What a difference Rapinoe makes for Seattle.

Yeah, I know; duh.  But…wow.

In the last meeting she took the match by the throat and choked the life out of Portland.

Without her Seattle just couldn’t find any space in midfield and were the ones choked off in the midfield and their attacking third.  Here’s what two of their players’ afternoons looked like; Nahomi Kawasumi up front and Rumi Utsugi in midfield:

Kawasumi has two dangerous moments in the half; the pass up to Mathias in the 10th minute that leads to the Johnson miss, and the 16th minute block out for the corner.  Otherwise she was nearly invisible.  Utsugi does a lot of dinking around the periphery but can’t get anything through the center of the pitch, and her work up the right touchline to Dallstrom (#5) is a pale shadow of the monstrous impact Rapinoe had on that same flank in the earlier game in Seattle.

Here’s the second half.  Harvey subs Crummer in for Kawasumi at 82′:

Kawasumi is now completely invisible, Utsugi, reduced to desperate long balls up the left touchline, and Crummer is pretty much stuffed in the corner.

Portland controlled the center of the pitch for a massive portion of this match.

There’s simply no space for Seattle to operate there.  A great player, a player like Rapinoe, can make space by the force of pure skill.  Mathias and Kawasumi and Fishlock?  They don’t have those kind of skills, that kind of sacred fire, to do that against this sort of high-press, aggressive, forechecking defending:

Mind you, Portland created a ton of chances against Seattle but were scoreless through a first half in which they out-shot the Reign 17-1.

Seventeen to one!  And no goals!

Finally, early in the second half, Haley Kopmeyer and Kristen McNabb combined to serve up a delicious Vegemite Sandwich to the Gal from Down Under:

Kopmeyer has played the ball out short to McNabb who dinks it back to her keeper without looking upfield to see if anything might make that a problem.

Hayley Raso is in the business of making problems, and pounces on the lazy backpass.

Kopmeyer is stranded, McNabb is too far behind the play to recover, and Raso coolly slots home the goal to make it 0-1 Portland.

Can’t you hear the thunder? 

Because the storm isn’t over for the hapless Reign.

In the 85th minute, Sinclair plays a looping long ball that Lauren Barnes looks to have covered.  But Barnes goofs, leaves her feet to try and tackle the ball out from under Raso, and misses…

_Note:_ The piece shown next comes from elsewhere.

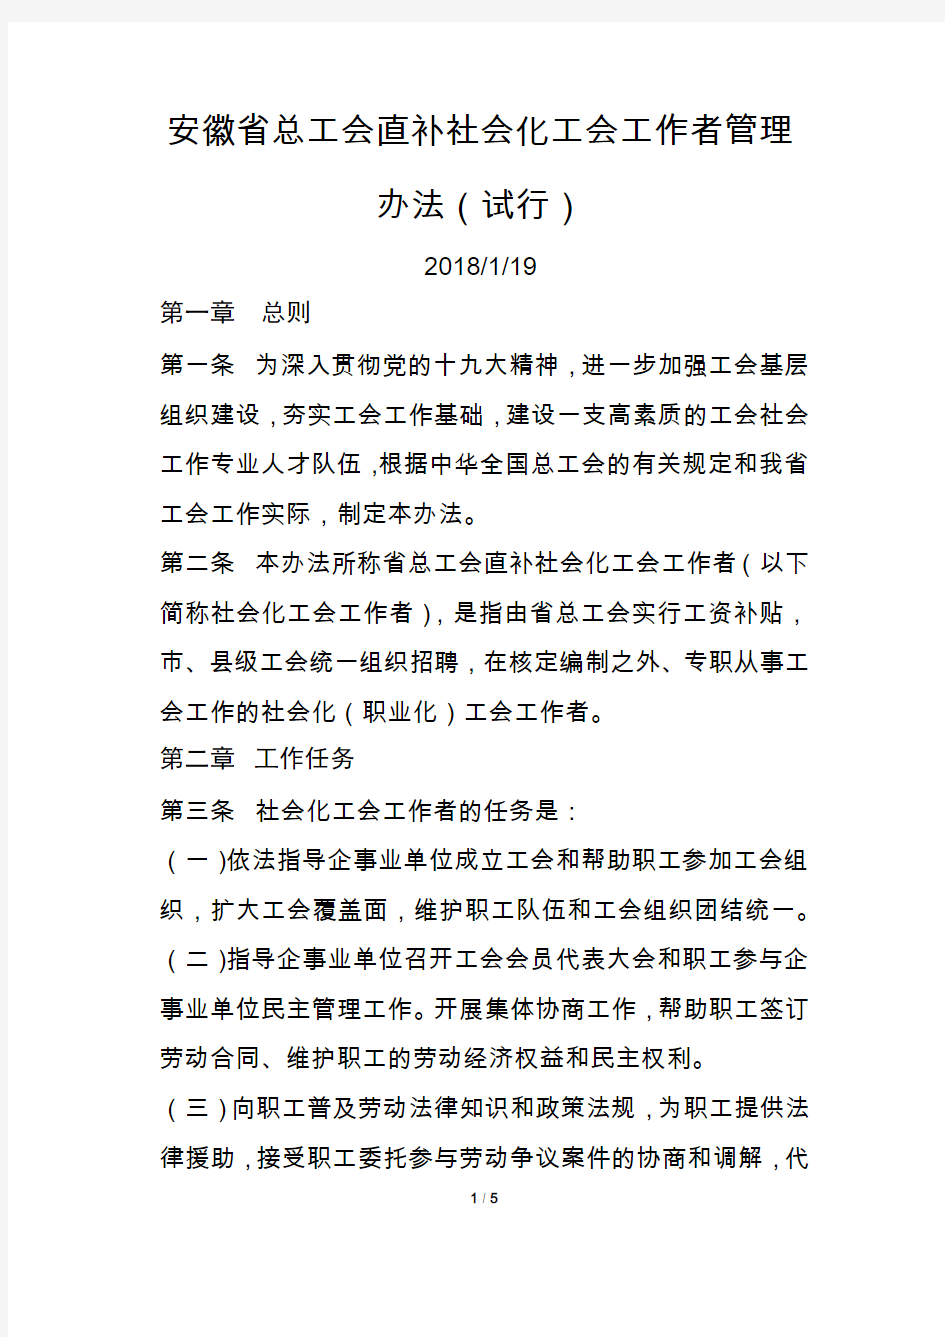 安徽省总工会直补社会化工会工作者管理办法(试行)-2018年

Raso simply takes the ball in stride and closes down on Kopmeyer 1v0.

Kopmeyer does a good job of saving Raso’s first shot, but…

…she parries it forward rather than over the byline or to her right towards McNabb.

Raso, good striker that she is, follows her own shot, and…

…has a simple finish to put Portland up nil-2.

You better run, you better take cover.

What (to me, anyway) seemed a ridiculously soft penalty call on Meghan Klingenberg allowed Seattle to get within a goal in stoppage time, but Thorns FC managed to see them off to break the Curse of Memorial and take their fourth win out of the past five.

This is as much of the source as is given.